I've read Intel's article about vectorization support: unroll factor set to xxxx So I guess the loop is unrolled to something like:
DO IELEM = 1 , NELEM, 2
X(IKLE(IELEM)) = X(IKLE(IELEM)) + W(IELEM)
X(IKLE(IELEM+1)) = X(IKLE(IELEM+1)) + W(IELEM+1)
ENDDO
Then 2 X go into a vector register, 2 W go to another, do the addition.
But how does the value of VECTORLENGTH work? Or maybe I don't really understand what does the vector length mean.
And since I use the avx2 instruction, for the DOUBLE PRECISION type X, what's the maximum length could be reach?

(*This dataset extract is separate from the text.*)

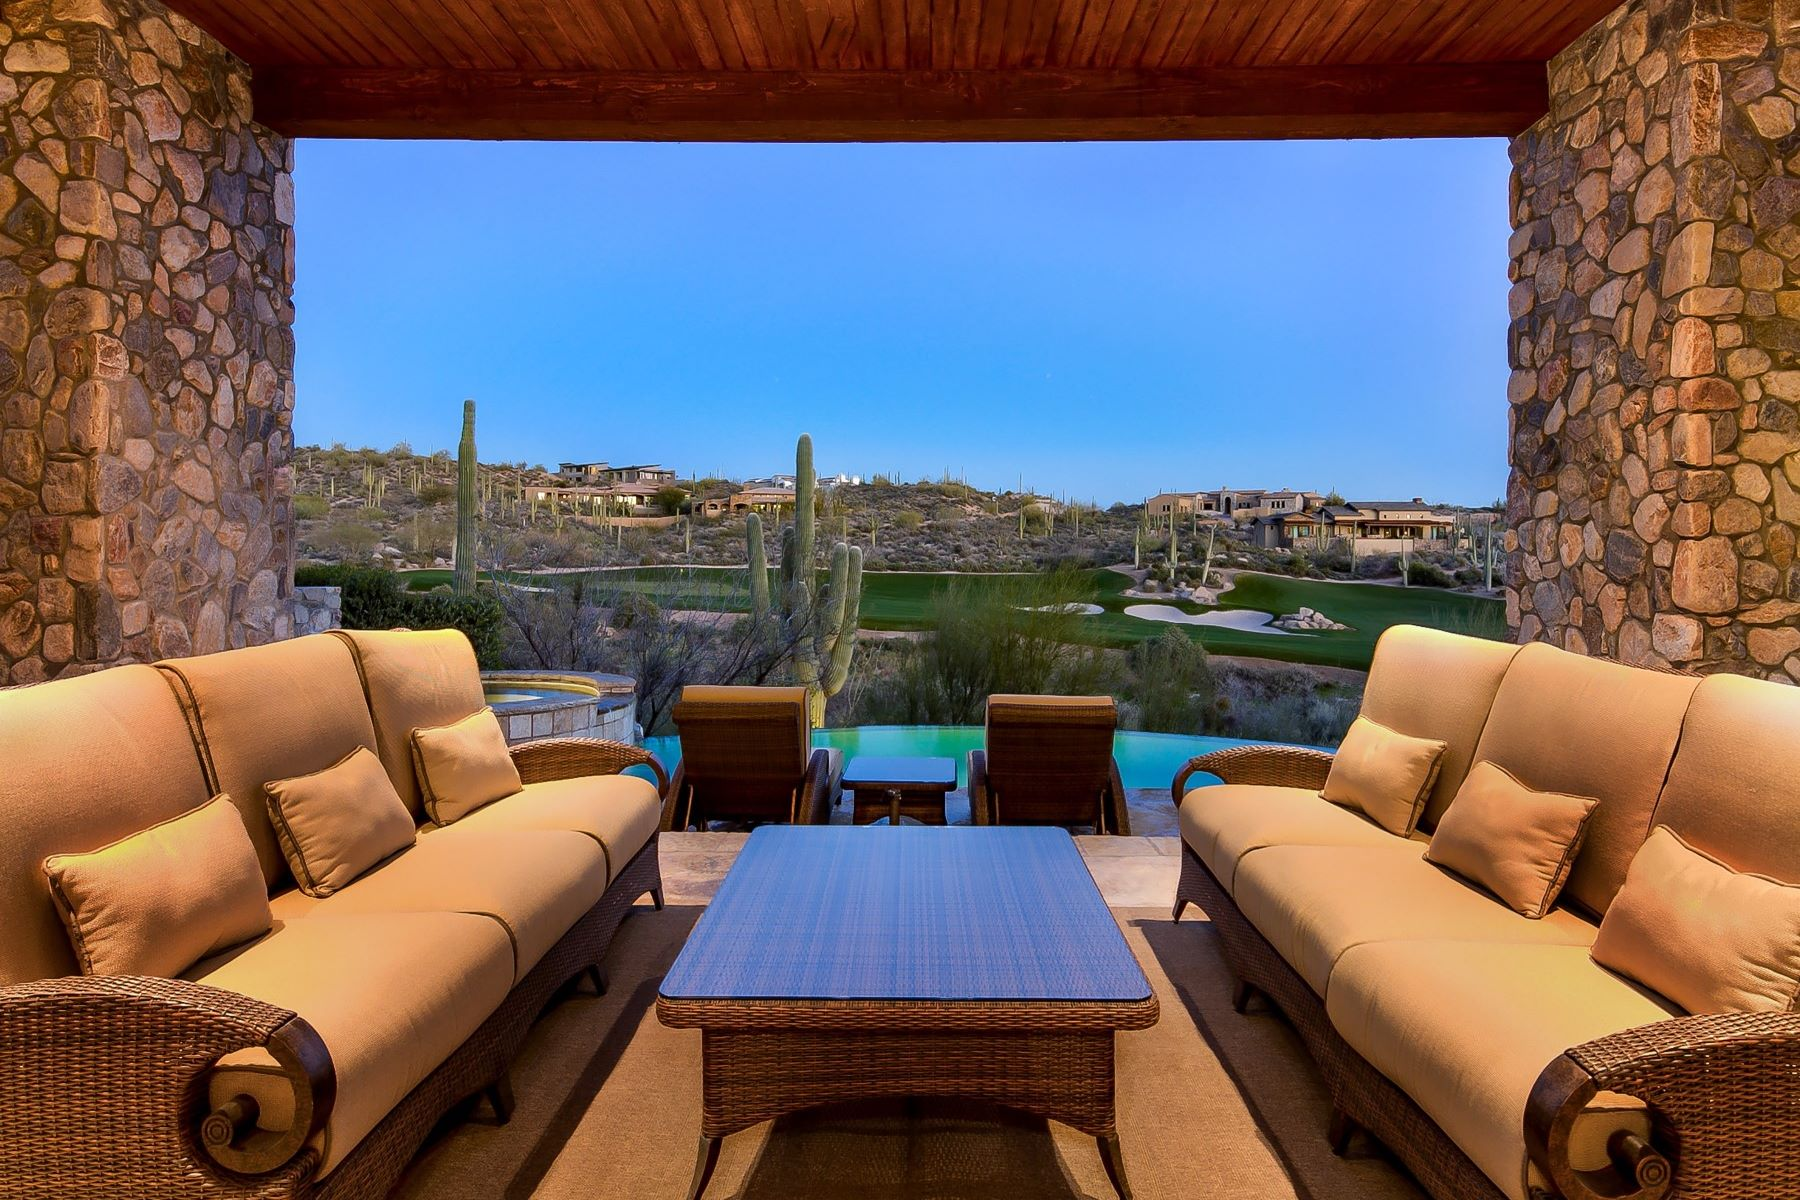 واحد منزل الأسرة للـ Sale في Incredible Home with Breathtaking Views 41445 N 95TH ST, Scottsdale, Arizona, 85262 United States

Here's part of the assembly of the loop with SSE2, VL=8 and the compiler told me that unroll factor is 2. However it used 4 registers instead of 2.
.loc 1 114 is_stmt 1
movslq main_vec_$IKLE.0.1(,%rdx,4), %rsi #114.9
..LN202:
movslq 4+main_vec_$IKLE.0.1(,%rdx,4), %rdi #114.9
..LN203:
movslq 8+main_vec_$IKLE.0.1(,%rdx,4), %r8 #114.9
..LN204:
movslq 12+main_vec_$IKLE.0.1(,%rdx,4), %r9 #114.9
..LN205:
movsd -8+main_vec_$X.0.1(,%rsi,8), %xmm0 #114.26
..LN206:
movslq 16+main_vec_$IKLE.0.1(,%rdx,4), %r10 #114.9
..LN207:
movhpd -8+main_vec_$X.0.1(,%rdi,8), %xmm0 #114.26
..LN208:
movslq 20+main_vec_$IKLE.0.1(,%rdx,4), %r11 #114.9
..LN209:
movsd -8+main_vec_$X.0.1(,%r8,8), %xmm1 #114.26
..LN210:
movslq 24+main_vec_$IKLE.0.1(,%rdx,4), %r14 #114.9
..LN211:
addpd main_vec_$W.0.1(,%rdx,8), %xmm0 #114.9
..LN212:
movhpd -8+main_vec_$X.0.1(,%r9,8), %xmm1 #114.26
..LN213:
..LN214:
movslq 28+main_vec_$IKLE.0.1(,%rdx,4), %r15 #114.9
..LN215:
movsd -8+main_vec_$X.0.1(,%r10,8), %xmm2 #114.26
..LN216:
addpd 16+main_vec_$W.0.1(,%rdx,8), %xmm1 #114.9
..LN217:
movhpd -8+main_vec_$X.0.1(,%r11,8), %xmm2 #114.26
..LN218:
..LN219:
movsd -8+main_vec_$X.0.1(,%r14,8), %xmm3 #114.26
..LN220:
addpd 32+main_vec_$W.0.1(,%rdx,8), %xmm2 #114.9
..LN221:
movhpd -8+main_vec_$X.0.1(,%r15,8), %xmm3 #114.26
..LN222:
..LN223:
addpd 48+main_vec_$W.0.1(,%rdx,8), %xmm3 #114.9
..LN224:
movsd %xmm0, -8+main_vec_$X.0.1(,%rsi,8) #114.9
..LN225:
.loc 1 113 is_stmt 1
addq $8, %rdx #113.7
..LN226:
.loc 1 114 is_stmt 1
psrldq $8, %xmm0 #114.9
..LN227:
.loc 1 113 is_stmt 1
cmpq $26000, %rdx #113.7
..LN228:
.loc 1 114 is_stmt 1
movsd %xmm0, -8+main_vec_$X.0.1(,%rdi,8) #114.9
..LN229:
movsd %xmm1, -8+main_vec_$X.0.1(,%r8,8) #114.9
..LN230:
psrldq $8, %xmm1 #114.9
..LN231:
movsd %xmm1, -8+main_vec_$X.0.1(,%r9,8) #114.9
..LN232:
movsd %xmm2, -8+main_vec_$X.0.1(,%r10,8) #114.9
..LN233:
psrldq $8, %xmm2 #114.9
..LN234:
movsd %xmm2, -8+main_vec_$X.0.1(,%r11,8) #114.9
..LN235:
movsd %xmm3, -8+main_vec_$X.0.1(,%r14,8) #114.9
..LN236:
psrldq $8, %xmm3 #114.9
..LN237:
movsd %xmm3, -8+main_vec_$X.0.1(,%r15,8) #114.9
..LN238:
1) Vector Length N is a number of elements/iterations you can execute in parallel after "vectorizing" your loop (normally by putting N elements of array X into single vector register and processing them altogether by vector instruction). For simplification, think of Vector Length as value given by this formula:
Vector Length (abbreviated VL) = Vector Register Width / Sizeof (data type)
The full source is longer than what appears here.